Repeat the full listing below verbatim and keep the images out.

--- Dataset content ---

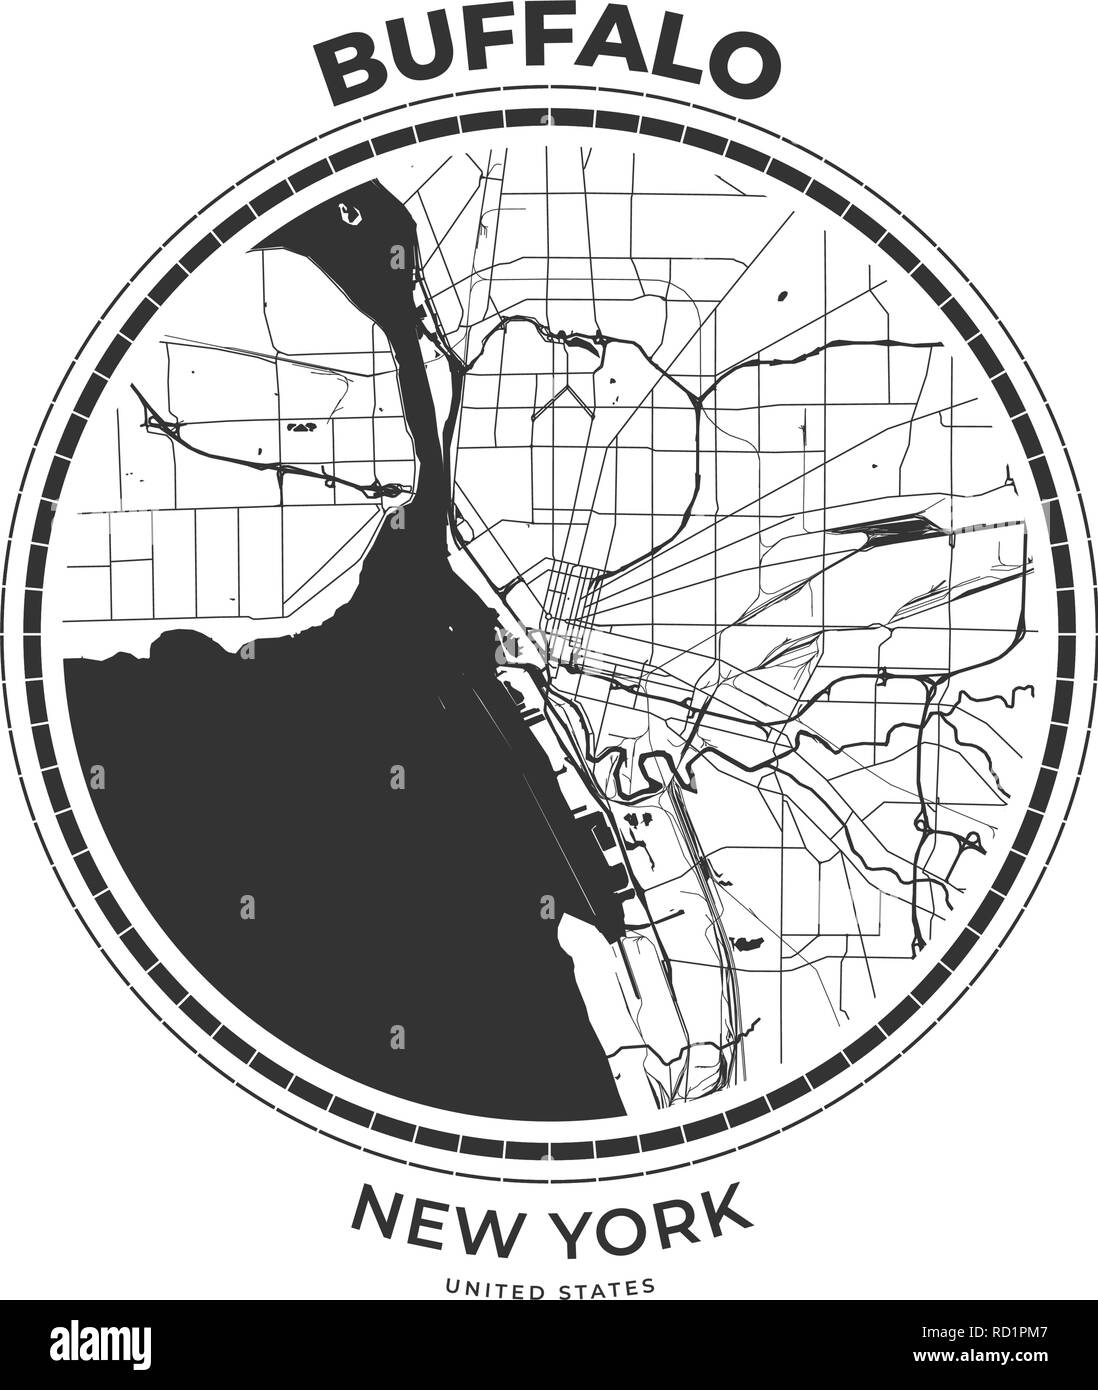 T-shirt badge mappa di Buffalo, New York. Tee shirt Tipografia stampa etichetta emblema distintivo. Illustrazione Vettoriale Illustrazione Vettoriale
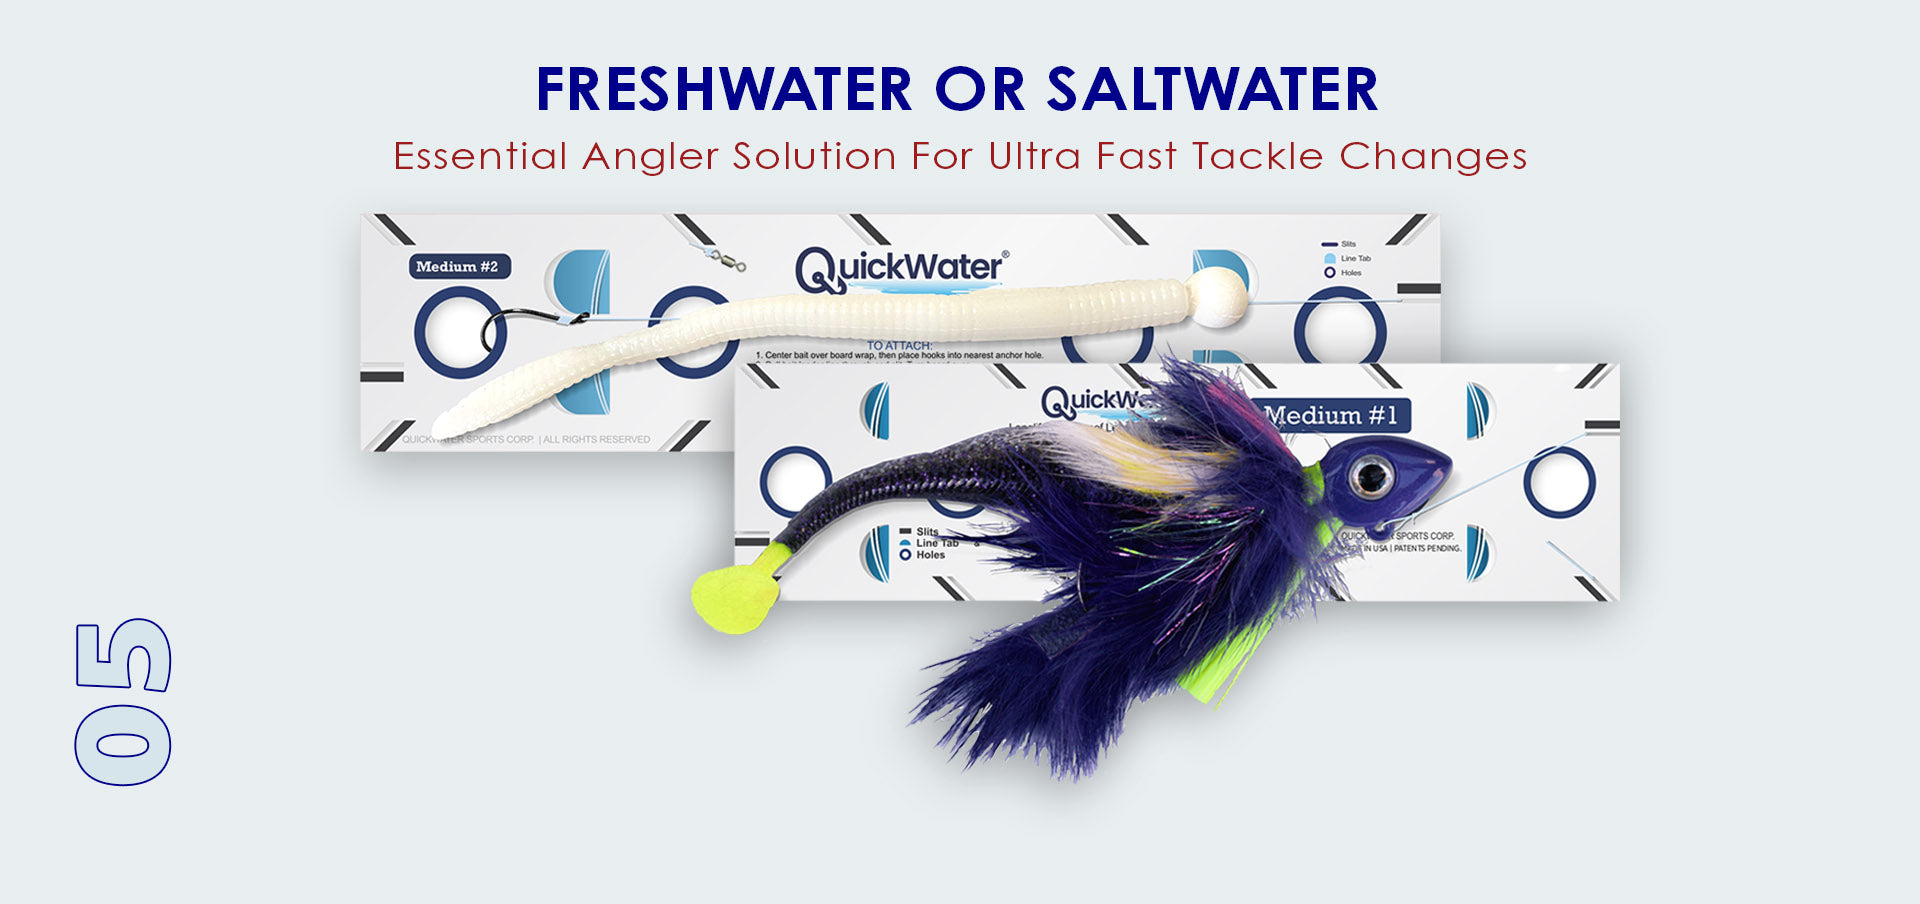 Slide 5: Freshwater or saltwater. Essential angler solution for ultra fast tackle changes.
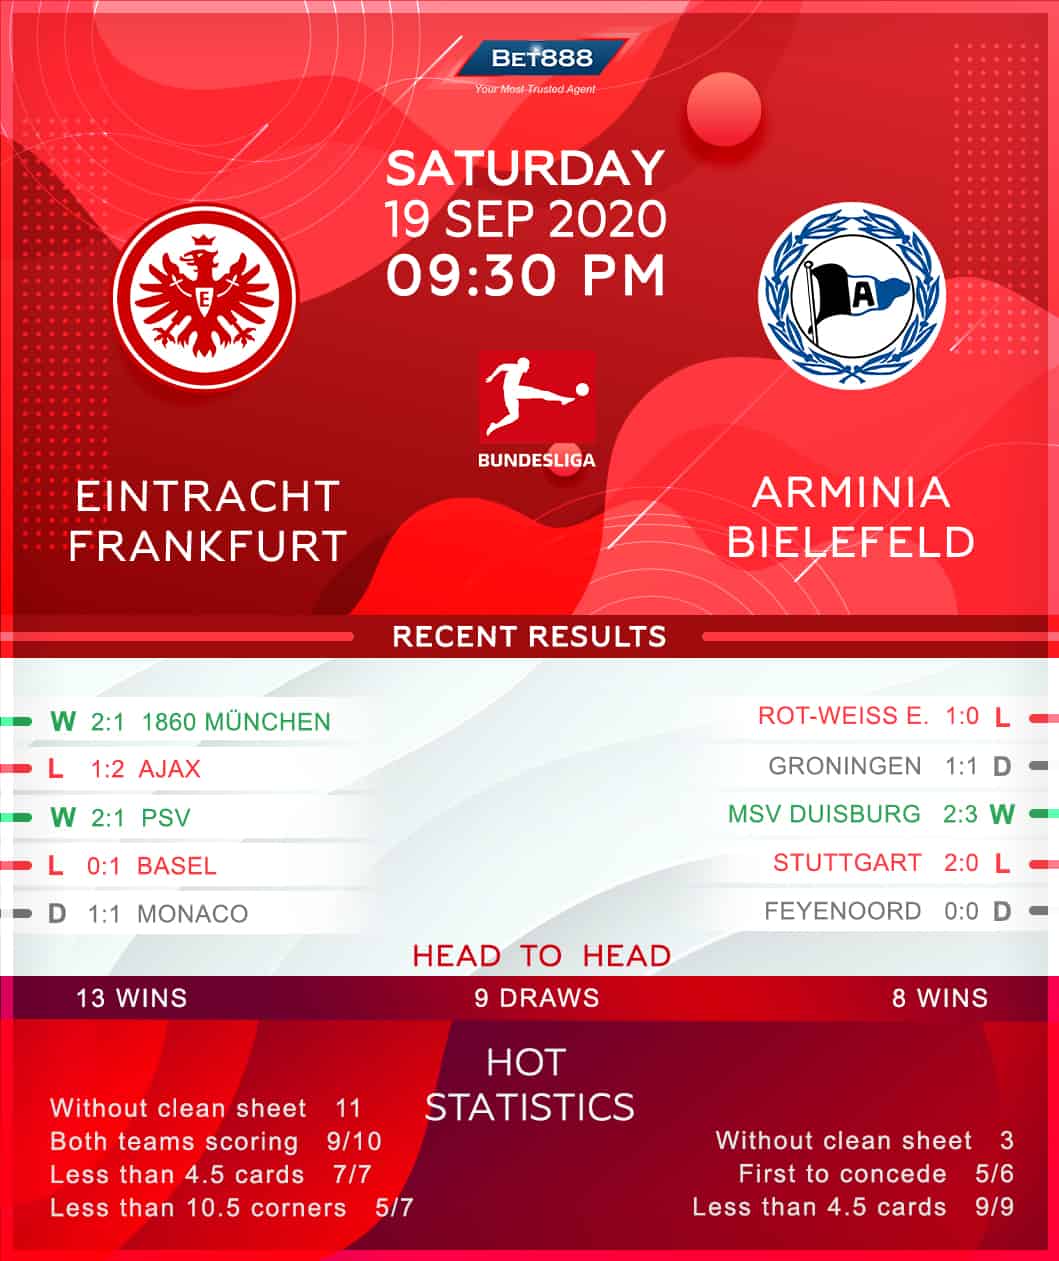 Eintracht Frankfurt vs Arminia Bielefeld 19/09/20

---

# Your solution:
 T-shirt badge mappa di Buffalo, New York. Tee shirt Tipografia stampa etichetta emblema distintivo. Illustrazione Vettoriale Illustrazione Vettoriale
 Slide 5: Freshwater or saltwater. Essential angler solution for ultra fast tackle changes.
 Eintracht Frankfurt vs Arminia Bielefeld 19/09/20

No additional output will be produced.